**DATA**:
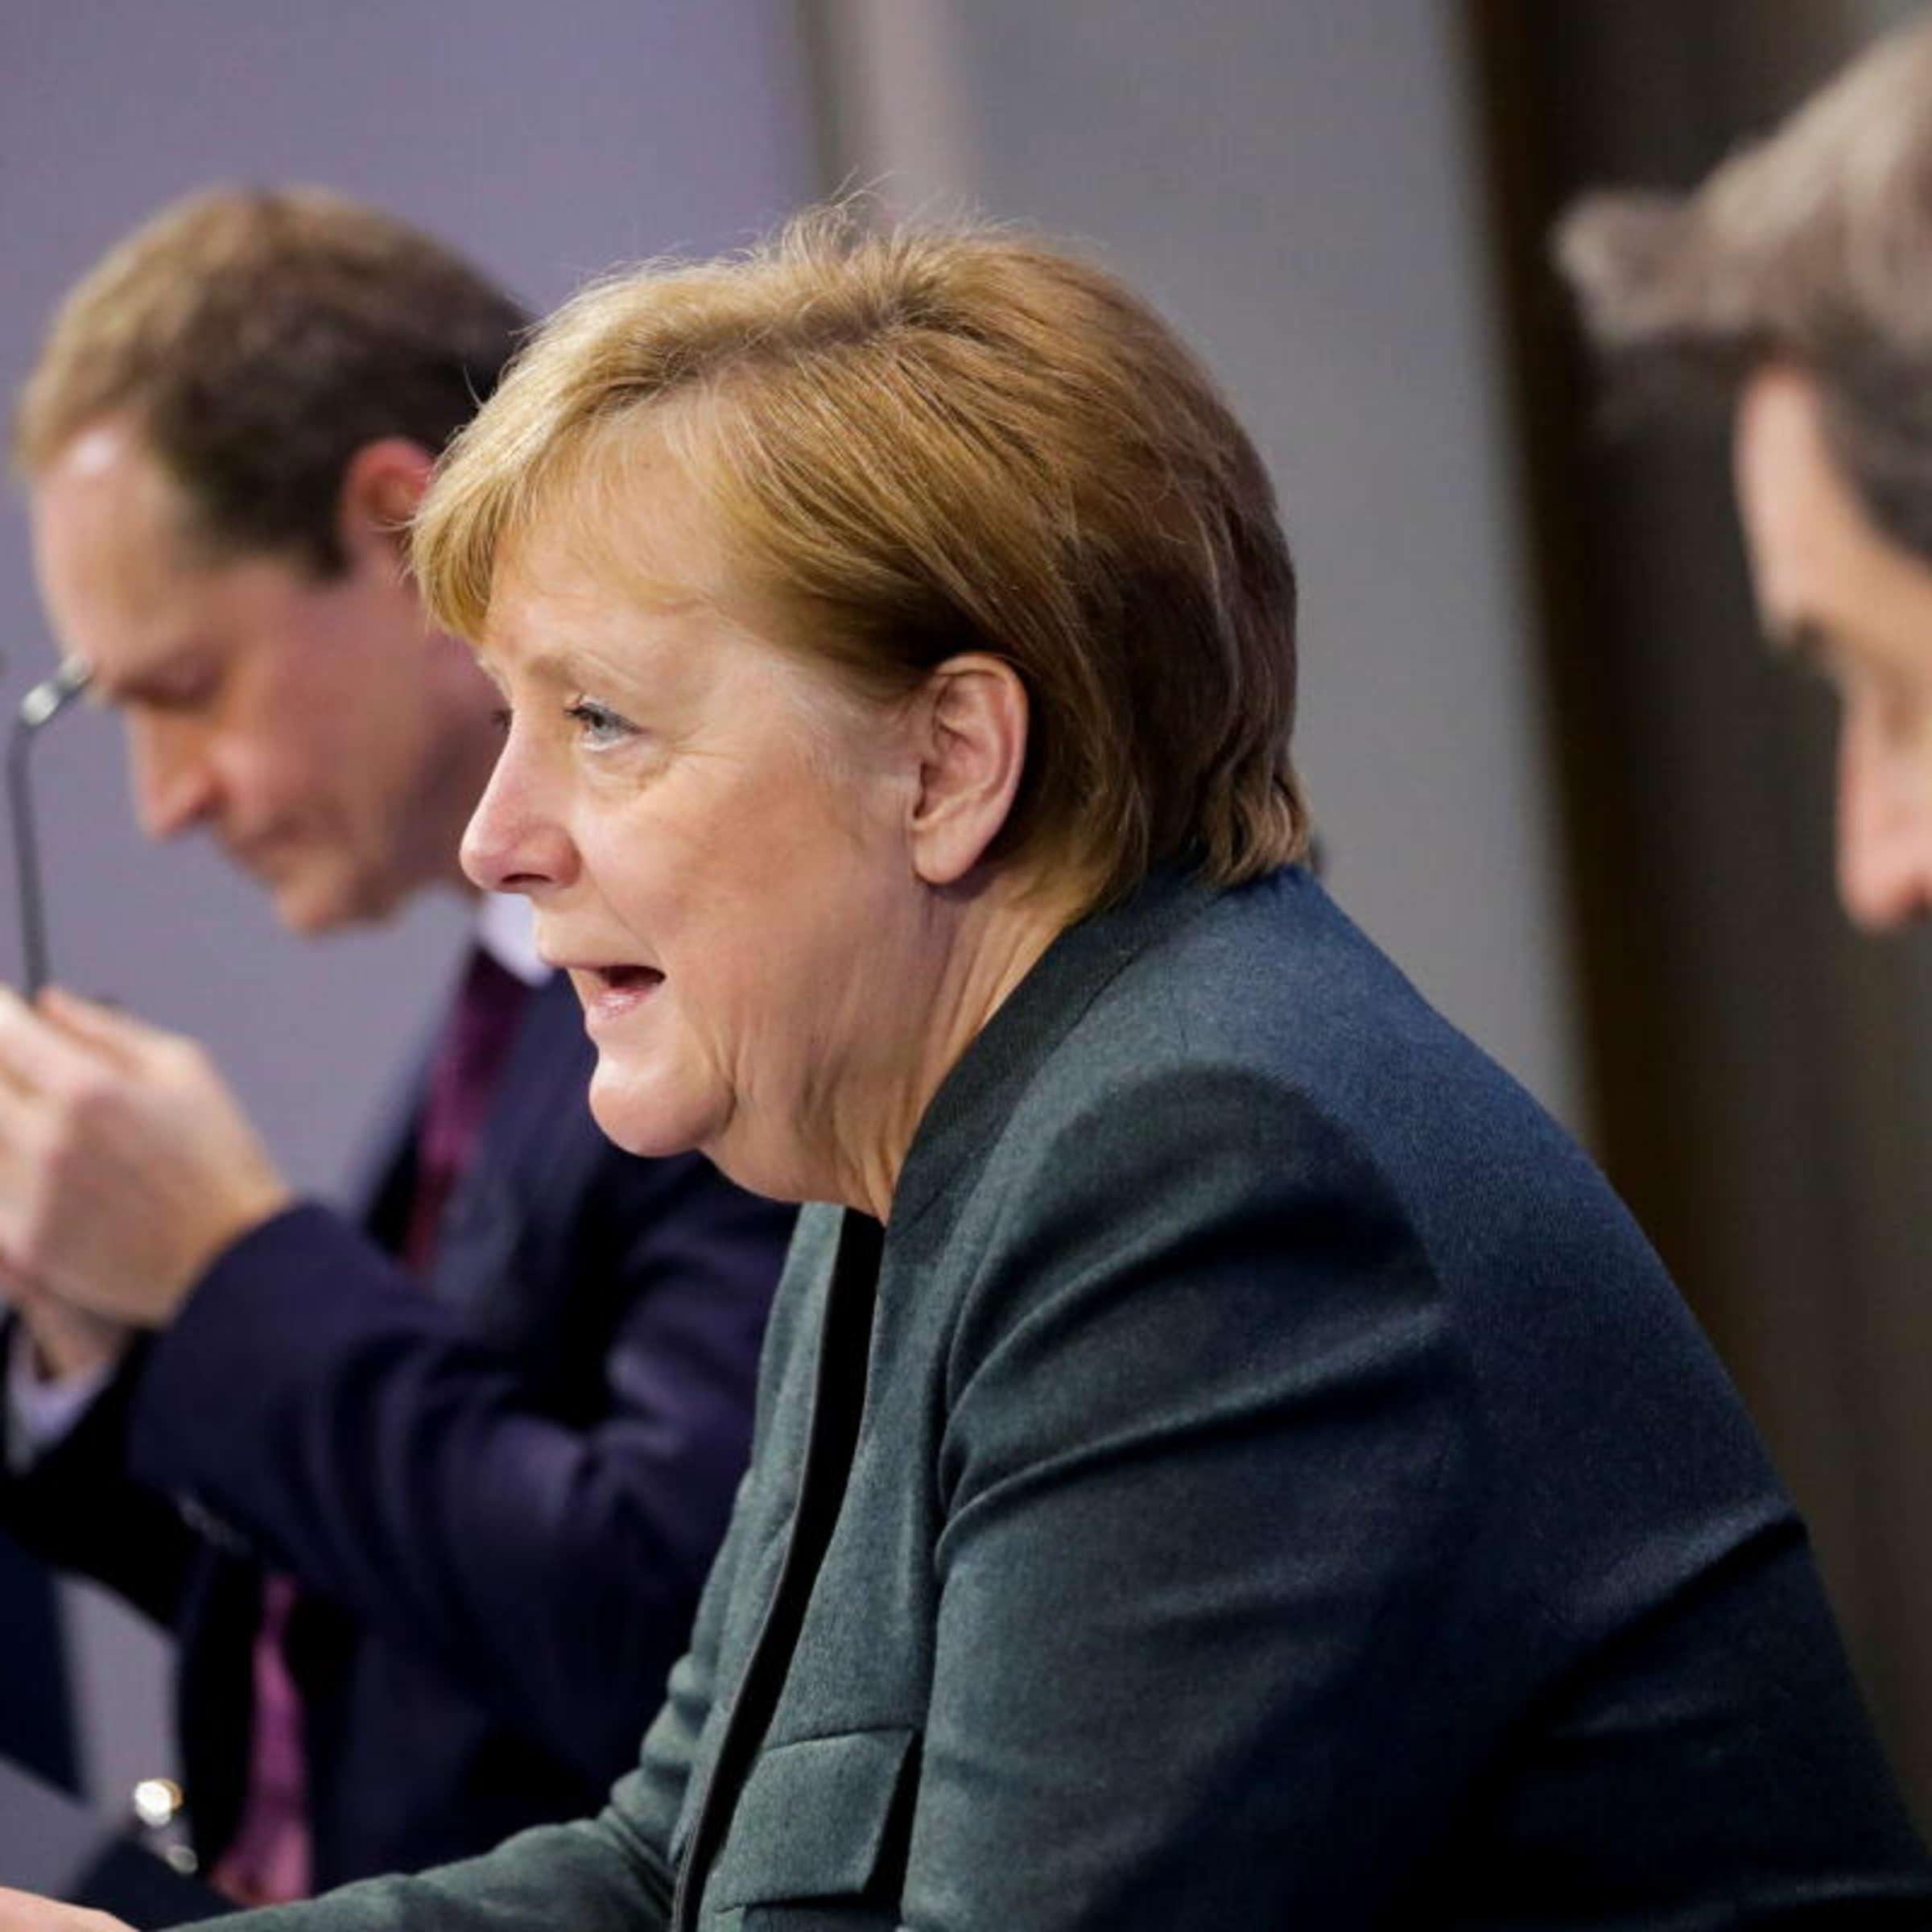 Corona Lockdown Merkels Gipfel Ruckt Naher Weist Der Neue Stufenplan Deutschland Den Ausweg Politik
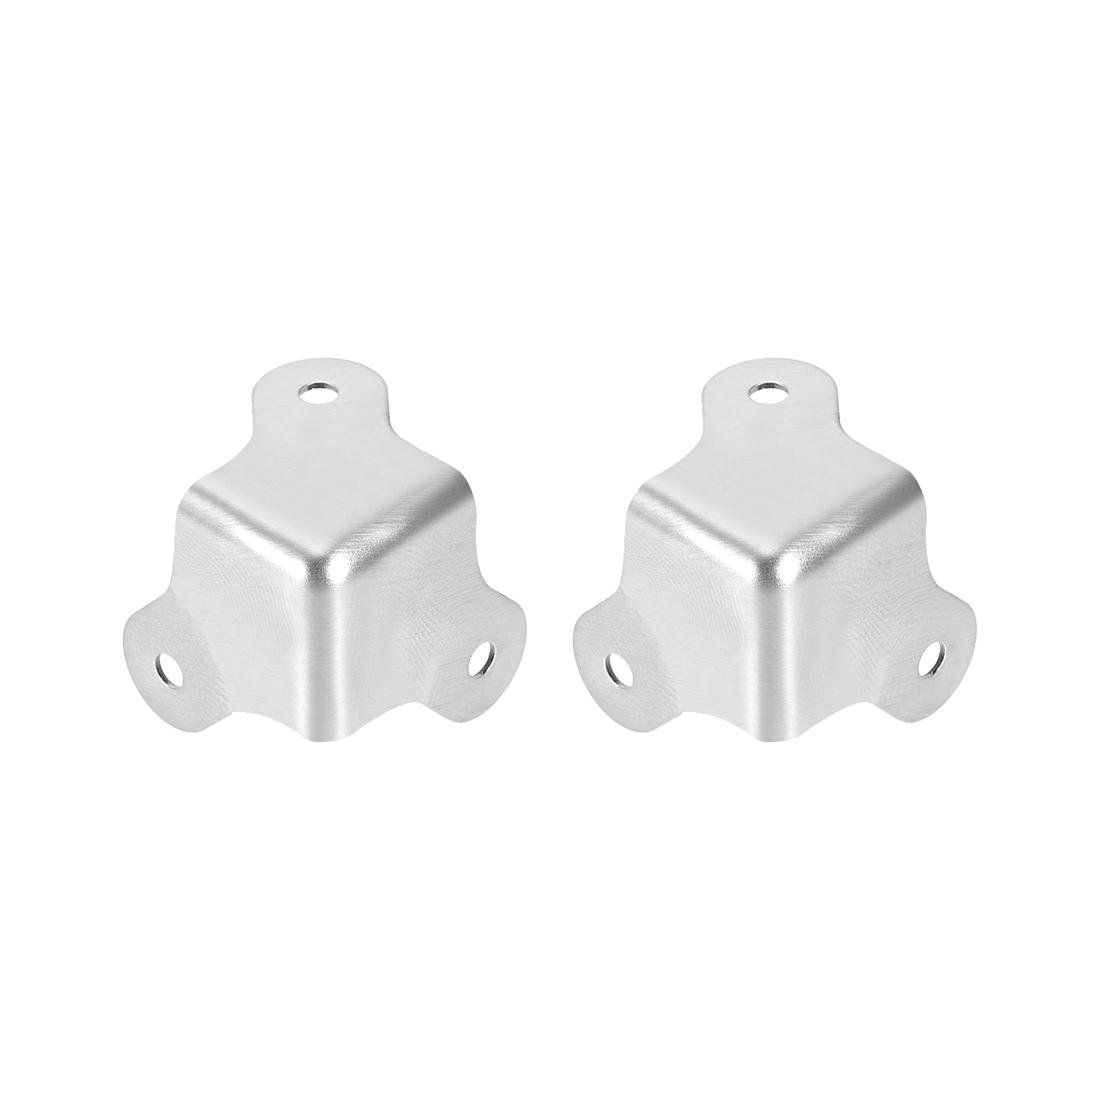 Metal Box Corner Protectors Edge Guard Protector 22.5 x 22.5 x 22.5mm 2pcs
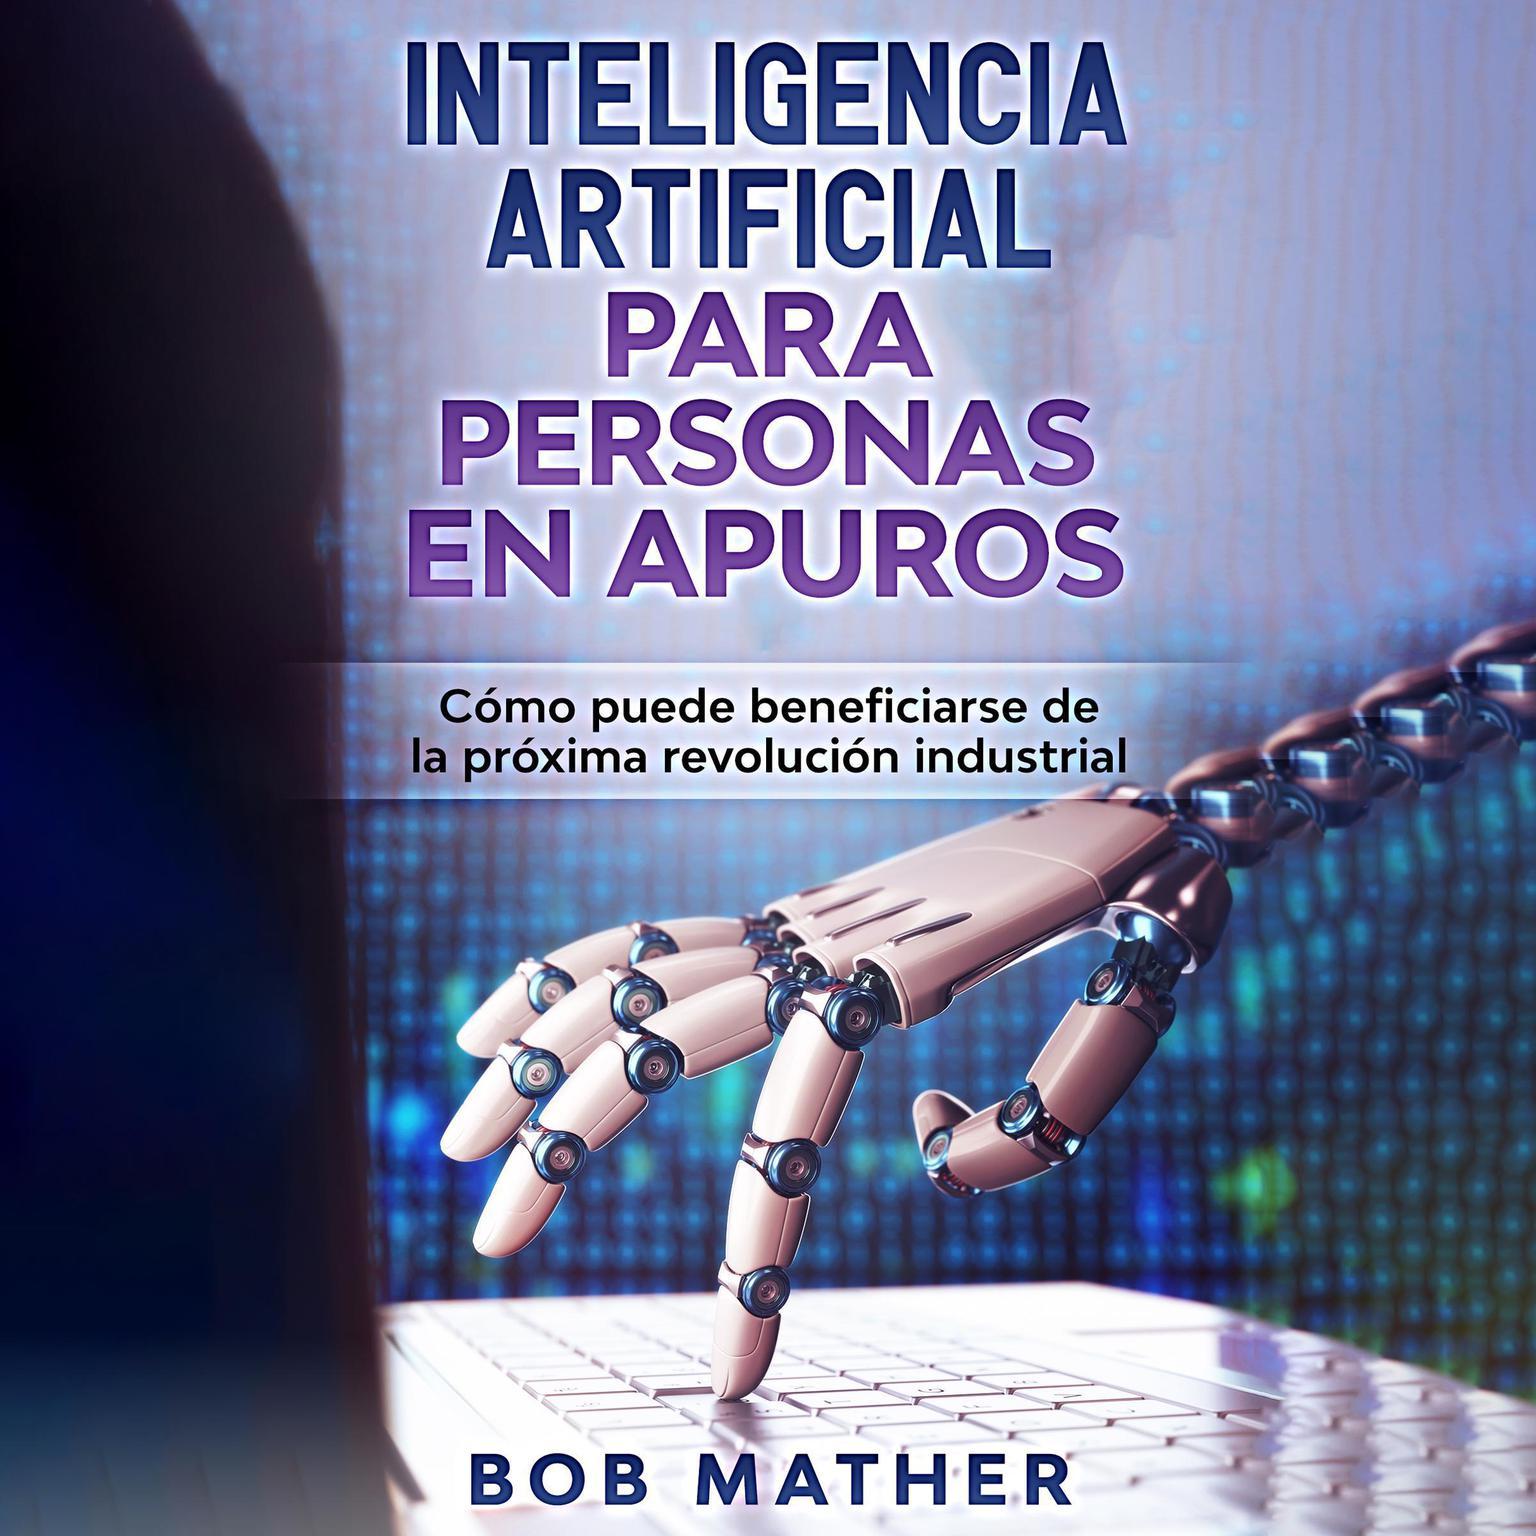 Inteligencia artificial para personas en apuros: Cómo puede beneficiarse de la próxima revolución industrial Audiobook, by Bob Mather
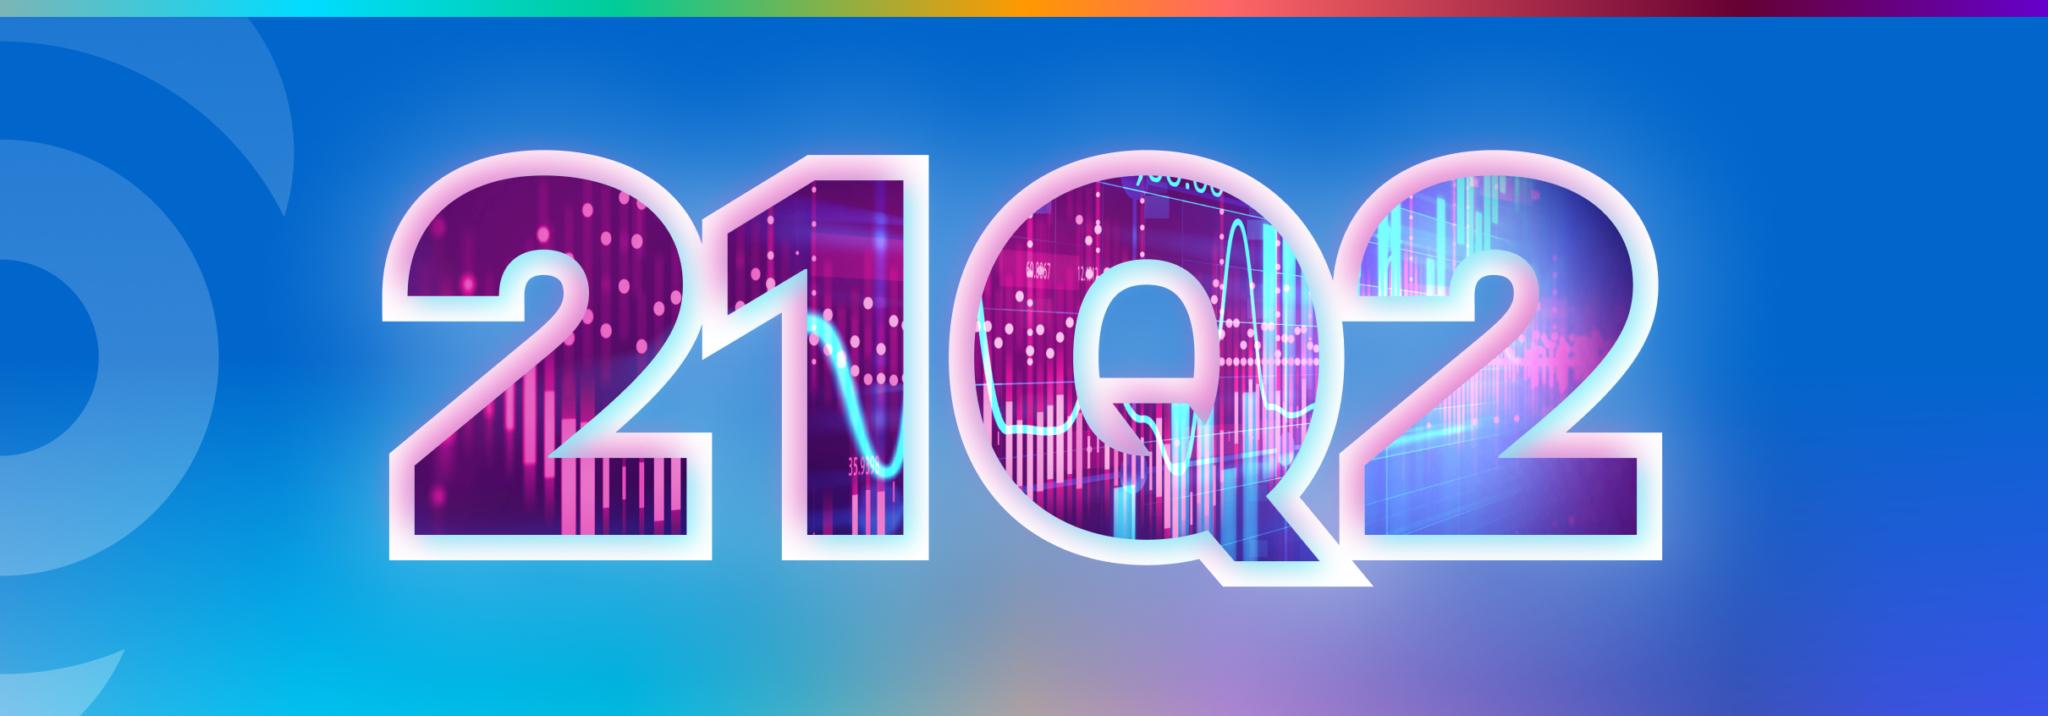 inside digital erreicht im 2. Quartal 2021 mehr Visits als ...

**GOAL OF THE EXERCISE**: Copy out the listing above in full and keep the pictures out.

**THE COMPLETED TASK**:
 Corona Lockdown Merkels Gipfel Ruckt Naher Weist Der Neue Stufenplan Deutschland Den Ausweg Politik
 Metal Box Corner Protectors Edge Guard Protector 22.5 x 22.5 x 22.5mm 2pcs
 Inteligencia artificial para personas en apuros: Cómo puede beneficiarse de la próxima revolución industrial Audiobook, by Bob Mather
 inside digital erreicht im 2. Quartal 2021 mehr Visits als ...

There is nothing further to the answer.